The WP map tells me my hits have come from over 20 countries around the world. The map shows the top 10 countries. I’m pleased to see Mauritius & Kenya still in the top 10.

Most popular posts were the photo essays. People clearly can’t enough of snow people. all are recent posts but there have been dips into the archives. One was a surprise. My post about Sengalese director Ousmane Sembène (https://topoet.ca/2019/10/07/ousmane-sembene/) experience a a handful of looks. I guess someone is teaching a film course on obscure African film directors. Rereading the blog makes me want to see the movies again.

Pacific Mall Train ride

Really enjoyed CBC’s BollyWed & look forward to season 2. It is a fun, humorous look at life in Toronto’s Gerrard St E, Little India. I like the fact every line isn’t a punch line & the fact that characters aren’t bent on out-joking one another. Happy Best in Miniature has returned for another season of tiny jars of pickled plums. I find myself squinting by the end of each episode lol. 

Watched: The Ring (1952) a surprisingly direct film about anti-Mexican racism with hood performances, decent fight scenes & a sort of happy ending. Early Rita Moreno & Spanish dialogue without subtitles. Excellent.

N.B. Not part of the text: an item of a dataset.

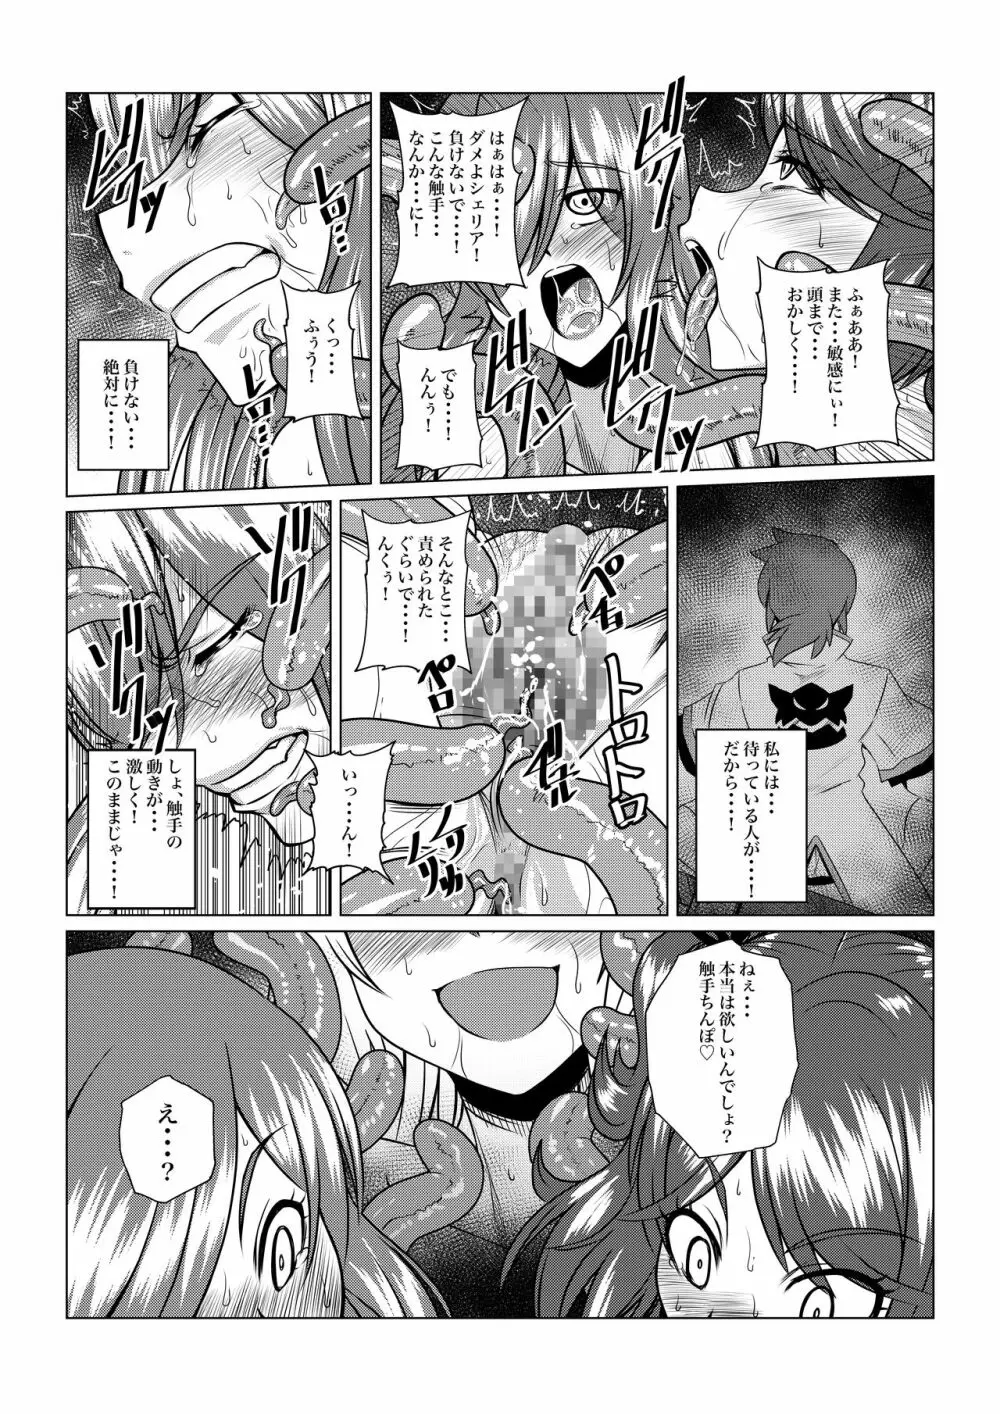 Tales Of DarkSide〜三散華〜 - page13

The Story of the Last Chrysanthemums (1939) Intense Japanese b/w soap opera about Kabuki hierarchy & class. He falls for a servant girl but they can’t marry as it will bring shame to the family & in the end she sacrifices her own happiness so he doesn’t sully that family name. Fascinating with some wonderful real Kabuki scenes. 

Dulces horas (1982) Spanish – Malena 2000 (Italian) – two excellent films about childhood, memory & fantasy. In the first a playwright write a play about his childhood & casts a woman who looks exactly like his mother. It drifts from memory to the play to romance. In the second am adolescent boy had crush on stunning woman whose husband is at war. Tender, emotional & sad. the leads are so beautiful it almost doesn’t matter about the plot lol. Both owe a lot to Fellini in their observations of village life & sexual obsession. 

Kiss Me Kate (1953) was a joy to watch with its amazing colours, energetic dance & marvellous songs. The backstage plot was busy & the romantic subplot of ex’s was tedious. Performances were excellent. I loved ‘True To You’ as an ode to infidelity. Cole Porter at his finest. I couldn’t believe he got away with the the chorus of Dick Dick Dick searching for Dick. Ann Miller at her best, plus Bob Fosse in tights.

Finished Whistle, the final book  in James Jones WWII trilogy. (From Here To Eternity; The Thin Red Line) The injured soldiers back in the USA, recovering in a military hospital & returning to a ‘normal’ life. I love his soapy style, varying points of view & the immersion into masculinity & the inner psychology of soldiering. 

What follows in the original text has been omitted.